开口的依然是大哥甄风,只听得他对朱厚照道:“虽然我们三兄弟很想跟随公子,但我们不能眼睁睁望着村里的乡亲父老挨饿。”
朱厚照静静听着。
“在这么艰难的时日,我三兄弟不能舍他们而去。自小到大,我三兄弟就受到村里乡亲父老的接济。如今大家都在挨饿,我们万万不会离开的。

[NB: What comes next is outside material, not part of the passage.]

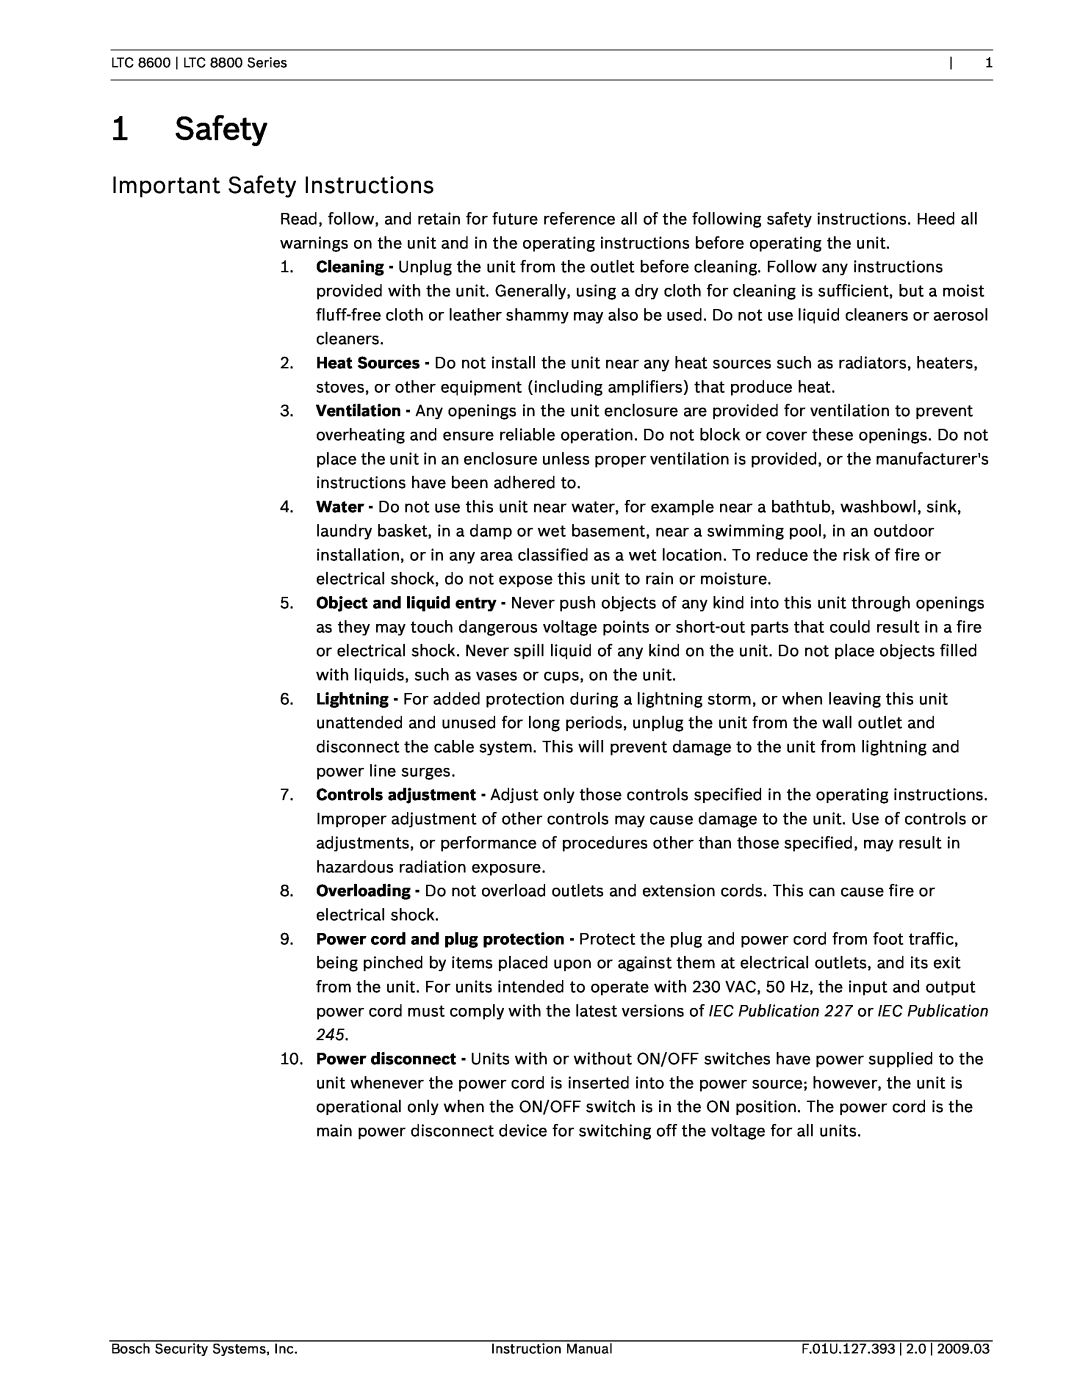 Bosch Appliances LTC 8800, LTC 8600 instruction manual Important Safety Instructions

”
朱厚照道:“这就是你们的选择?”
甄氏三兄弟毫不犹豫,齐声应道:“是……”
站在车厢之外的何文鼎、刘瑾、陈大、赵五和钱六等人听得暗叹一声,也不知应该说这三兄弟是傻,还是有情有义。
咱家少爷,你们都不肯依附?以后若得知我家少爷身份,你们必定悔得肠子都青了。
不过,朱厚照对甄风、甄云和甄雨所表现出的情义,却甚为欣赏。
“既然你三兄弟已做出抉择,我也不再劝。”
迎着三兄弟眼巴巴的目光,朱厚照又道:“你们心中牵挂着的,是我会如何施以援手,是吧?”
甄风、甄云和甄雨同时一笑。
“稍等片刻……”朱厚照边说着,边退出车厢。
未几,他将何文鼎招至身旁,随即在其耳边低声吩咐起来。
何文鼎听得愣住了,片刻后,才轻声问道:“少爷,真是这个数?”
朱厚照右手在他肩膀轻轻一击:“莫啰嗦,赶紧去。”
不一会,何文鼎提着两个包袱回来,缓缓搁在这辆马车的车沿边。
朱厚照指着车厢,向陈大示意:“陈大,去把他们身上的麻绳全解开,让他们都下来吧。”
陈大应了声诺,一个轻跃便跳上了马车,弯着腰走进车厢,逐一将五人身上的麻绳解开。
稍顷,甄风、甄云、甄雨、莫大和莫二,先后从车厢跳了下来。